Daniel Lemire's blog

, 9 min read

Intel will add deep-learning instructions to its processors

12 thoughts on “Intel will add deep-learning instructions to its processors”

  1. I hope one day, me and one of my Intel CPU cores will be real buddies, hanging around, talking smack and I won’t choke him and his 127 twins to 99% anymore 🙂

    1. Michael Hay says:

      Intel has Altera’s acquisition also up their sleeves. They could more easily build learning assists, AI systems, etc. with flexible hardware. The challenge with FPGAs today is the toolchain is at least 10 years behind standard C, Java, etc. compilers. So there is a lot of work to do. We kind of need something like the defunct project from IBM called LIME or Maxeler’s OpenSPL efforts.

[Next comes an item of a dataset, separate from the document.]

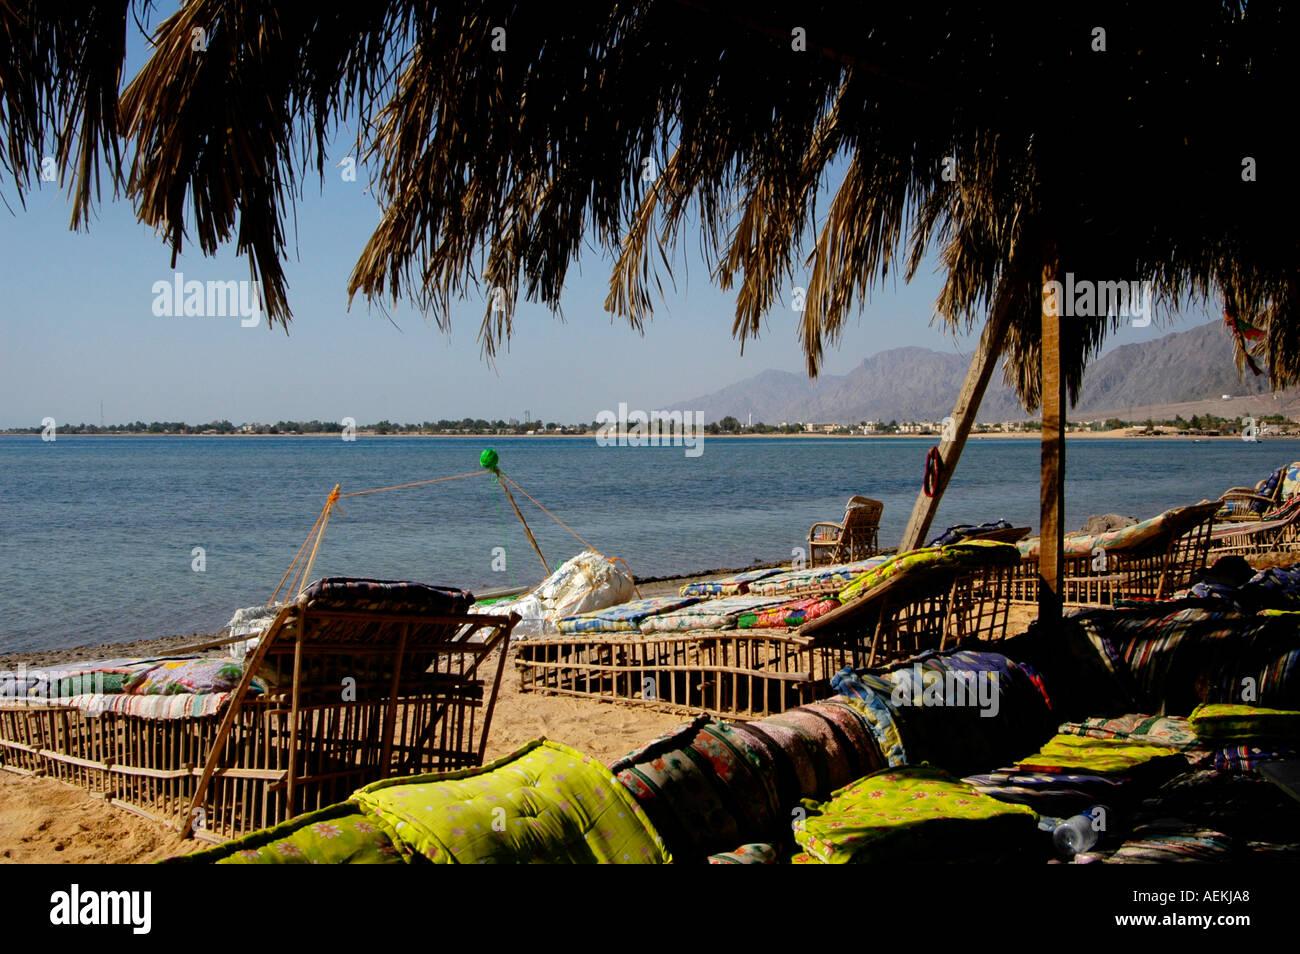 View of Nuweiba Tarabin beach in Nuweiba also spelled: Nueiba a coastal town in the eastern part of Sinai Peninsula, Egypt - Stock Image
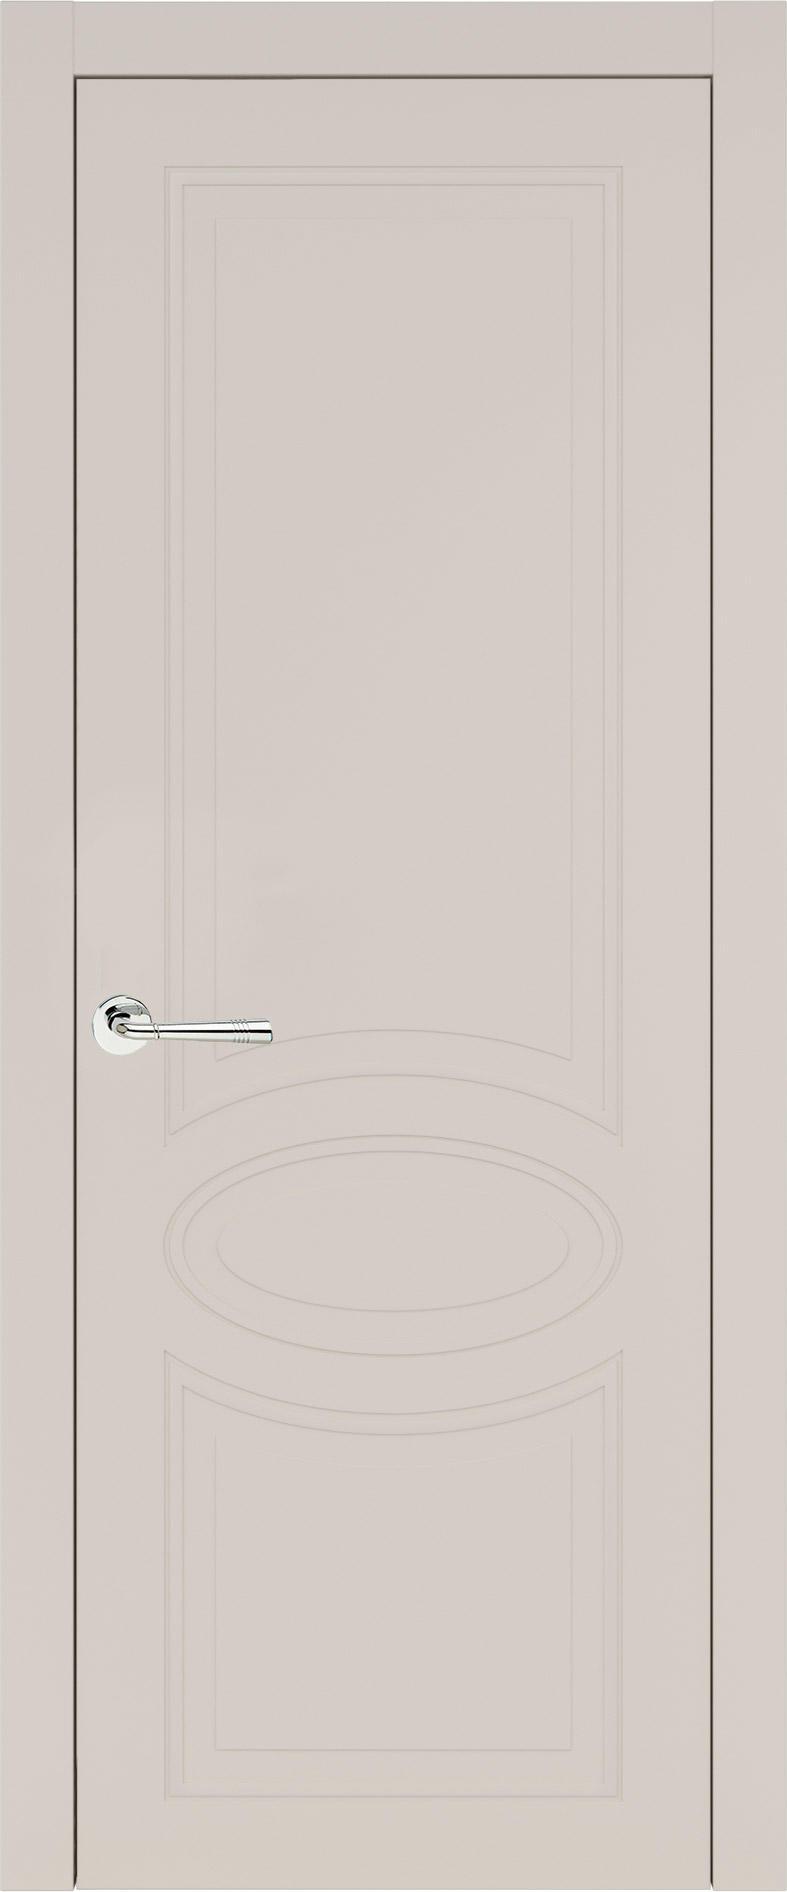 Florencia Neo Classic цвет - Жемчужная эмаль (RAL 1013) Без стекла (ДГ)

      To me the magic of the human mind is that the software and the wetware and the software evolve together. With silicon hardware and software there is a very slow mutual evolution.

  2. Srigi says:

    How exactly this kind of instructions are feeded by RAM?
    Because if you got 64B per tick (simplified), I suppose CPU run out of data supply pretty quick. RAM/cache bandwidth is way lower than this processing speed.

    1. We would need to see what the specifics are… My experience has been that the L1 cache is fast enough that even with AVX-512, cache speed is not a bottleneck. However, if you can’t load up the data in cache fast enough, my experience has been that RAM access speed is already a major bottleneck, even without any fancy instruction.

  3. marc says:

    If this is unspecific vector computation, is means deep learning is a hype label for what we have been enjoying with matlab/R/numpy vector computation for ages ? OK, deep learning has high impact, but it is much more specific than “vector computation”

    1. Vector instructions at the hardware level are related but distinct from vector-oriented programming.

  4. Tomasz Jamroszczak says:

    For a moment I thought Intel will add deep learning for just-in-time optimizations of code.

  5. Do we have a rough idea of the performance gains that will be brought by those new Intel instructions? In other words, how will it compare to GPUs, performance-wise?

    1. In other words, how will it compare to GPUs, performance-wise?

      Given that we do not even know what these instructions are, exactly, it is hard to know exactly.

      However, we can tell a few things from basic knowledge of Intel technology. Intel processors cannot compete on raw processing speed with GPUs. It could be that I am wrong, but I don’t think that these instructions will change this picture.

      GPUs are powerful, true… but they are also specialized. This makes them a poor fit for many common problems… whereas Intel’s CPU are much more broadly applicable.

      So, what if you have problems where deep learning is only part of what your system has to do? Then maybe the GPU is no longer the best solution. Maybe some Intel processor with both general purpose and deep learning capabilities becomes the best bet.

      We should keep in mind that Intel’s money comes (largely) from cloud infrastructures. Intel has to convince people like Amazon and Google to buy its processors. These people do a lot of work besides deep learning.

  6. I was disappointed to not actually see the details of the instructions, but I guess we can always speculate.

    I suspect that these will be tailored towards int8,int16,fp16,fp32 512 bit wide dot product and accumulate (useful for inference), and possibly instructions to accelerate FFTs and convolutions (similar to the SSE4.2 string instructions, but for convolutions instead of string matching).

    With a 64 wide int8 one per cycle throughput dot product (128 ops), which is more and more feasible for inference (but not training) of neural networks, a 32 core system could perform 128×32 = 4096 int8 ops per cycle, or around 8 TOPS on a 2GHz system. This is less than the 40TOPS the dp4a instruction can get on a Titan X, but it’s at least in the same ballpark. It probably wouldn’t burn too much area either.

    A 32 width fp16 dot product operator (64 flops/cycle) would be at 4TFLOPs, which compares favorably with the 10TFLOPs available on a Titan X, but would take significantly more area and probably need a deeper pipeline.

    Direct convolution instructions would play to the strengths of the SIMD model (eg, the ability to parallel shift like in the string instructions), and may be able to provide impressive performance especially in int8 mode.

  7. Head. S says:

    What do you think about AMD “Bristol Ridge”? Could we take those GPU cores for the purpose?

    1. @Head

      I have not been following AMD at all, but most of our main CPUs have integrated GPUs which are often idle. This seems wasteful, but I have not heard much about it.